Precision & Recipes
This guide helps you choose a precision setup (recipes and optional QLoRA) and explains how the dtype knobs interact.
How to choose
- Start with BF16 if you want maximum stability and portability.
- Use FP8-hybrid if you are on SM89+ (Ada/Hopper/Blackwell) and want higher throughput.
- Use NVFP4 if you are on SM100+ (Blackwell) and want maximum compression/speed.
- Add QLoRA when you want to freeze base weights and fine-tune adapters with minimal VRAM.
For QLoRA details, see QLoRA.
Precision Recipes
Surogate provides 3 out-of-the-box precision recipes for the 3 most common numerical formats used in training:
- BF16 (bfloat16): default recipe providing maximum numerical accuracy and most memory usage.
- FP8-Hybrid (float8): provides a balance between numerical accuracy and memory usage by using 8-bit floating point precision.

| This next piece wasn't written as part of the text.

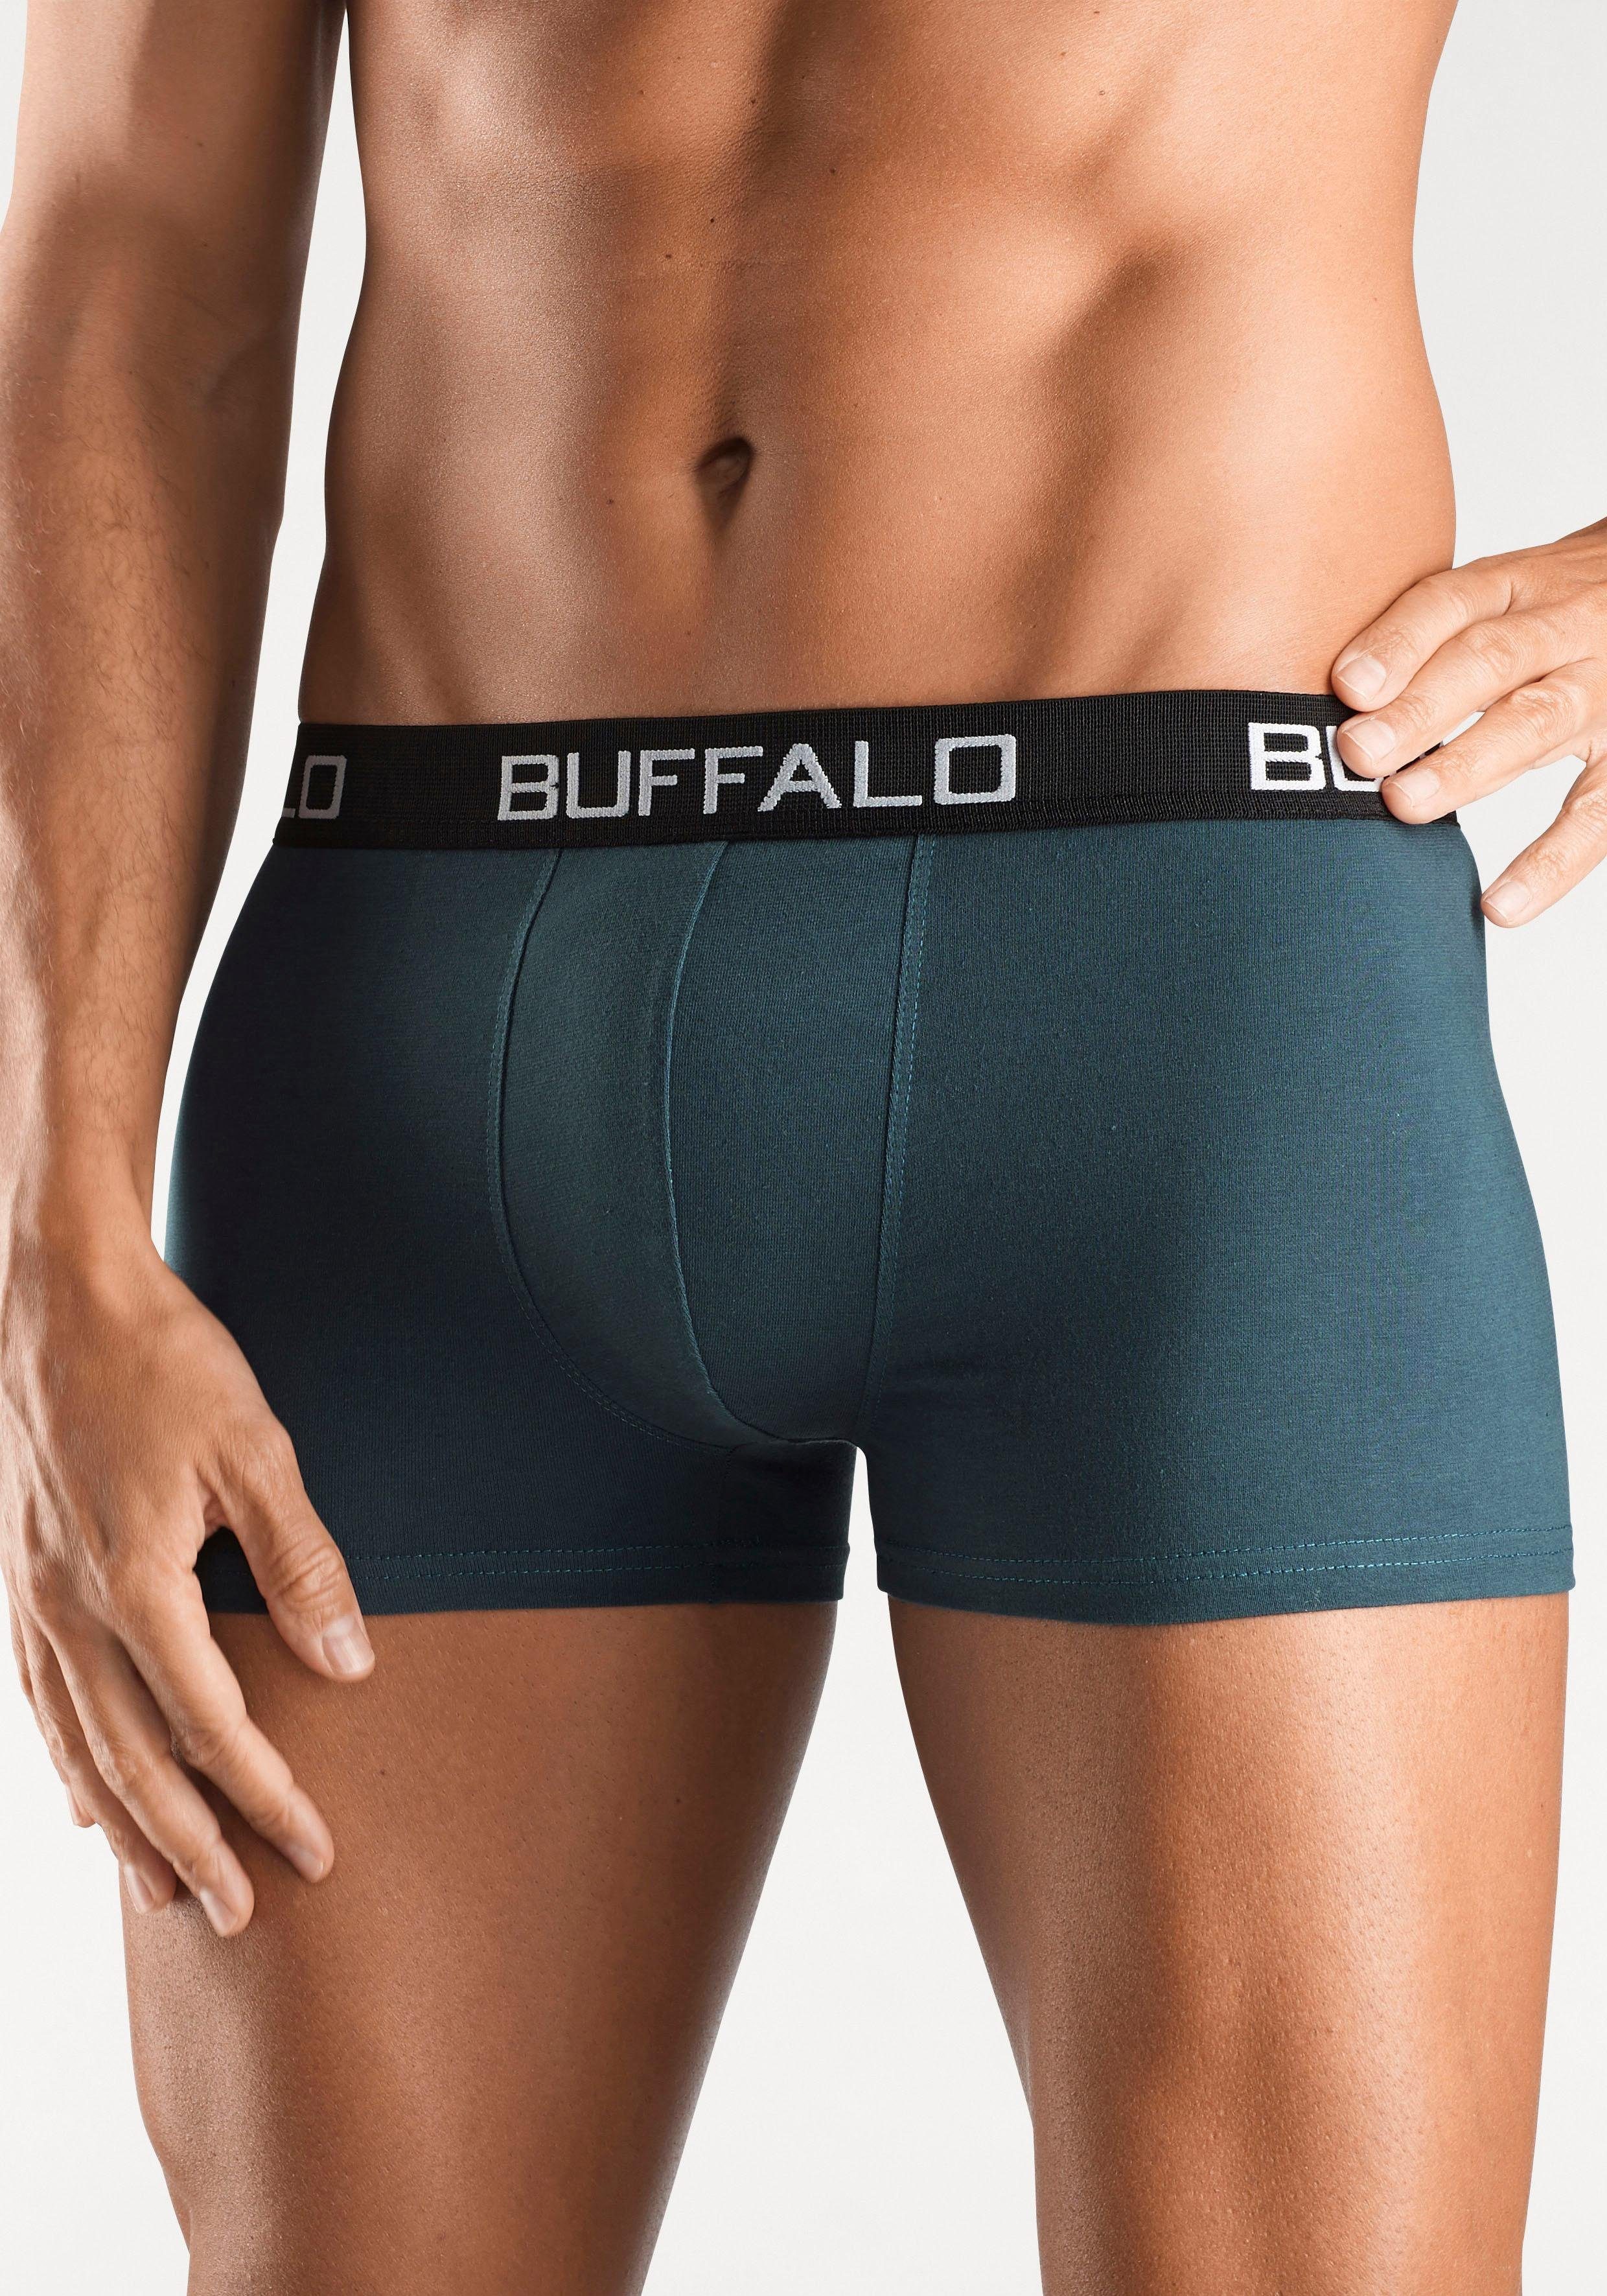 Wäsche/Bademode Boxershorts Buffalo Boxer (4 Stück) unifarbene Retro Pants

- FP4 (nvfp4): provides maximum acceleration on Blackwell GPUs by using 4-bit floating point precision, at the cost of some numerical accuracy.
BF16
This recipe uses bfloat16 for all GEMM operations without any quantization. It is suitable when memory and compute resources are not constrained, or when training smaller models where the savings from lower precision formats are not significant.
Use this recipe when:
- Only bfloat16 is supported on your hardware
- Memory and compute are not constrained
- You need a baseline for comparing quantized training
- Training smaller models where FP8/FP4 savings aren't significant
Forward/Backward Format
| Pass | Data Type | Scaling |
|---|---|---|
| Forward | bfloat16 | None |
| Backward | bfloat16 | None |
Example
recipe: bf16
FP8-Hybrid
This recipe uses FP8 with E4M3 format for the forward pass and E5M2 format for the backward pass, employing delayed scaling for improved stability.
- E4M3 (max=448): Used for forward pass activations and weights - higher precision
- E5M2 (max=57344): Used for backward pass gradients - larger dynamic range
Delayed scaling uses scale factors computed from the previous iteration's abs-max values, providing more stable training than just-in-time scaling. The recipe maintains an amax history window and uses the maximum value from the history to compute scale factors.
The numerical accuracy is generally comparable to bfloat16, while providing significant memory savings and speedup on supported hardware with FP8 tensor cores (SM89+: Ada Lovelace, Hopper, Blackwell).
Use this recipe when:
- Your GPU supports FP8 tensor cores (SM89+: Ada Lovelace, Hopper, Blackwell)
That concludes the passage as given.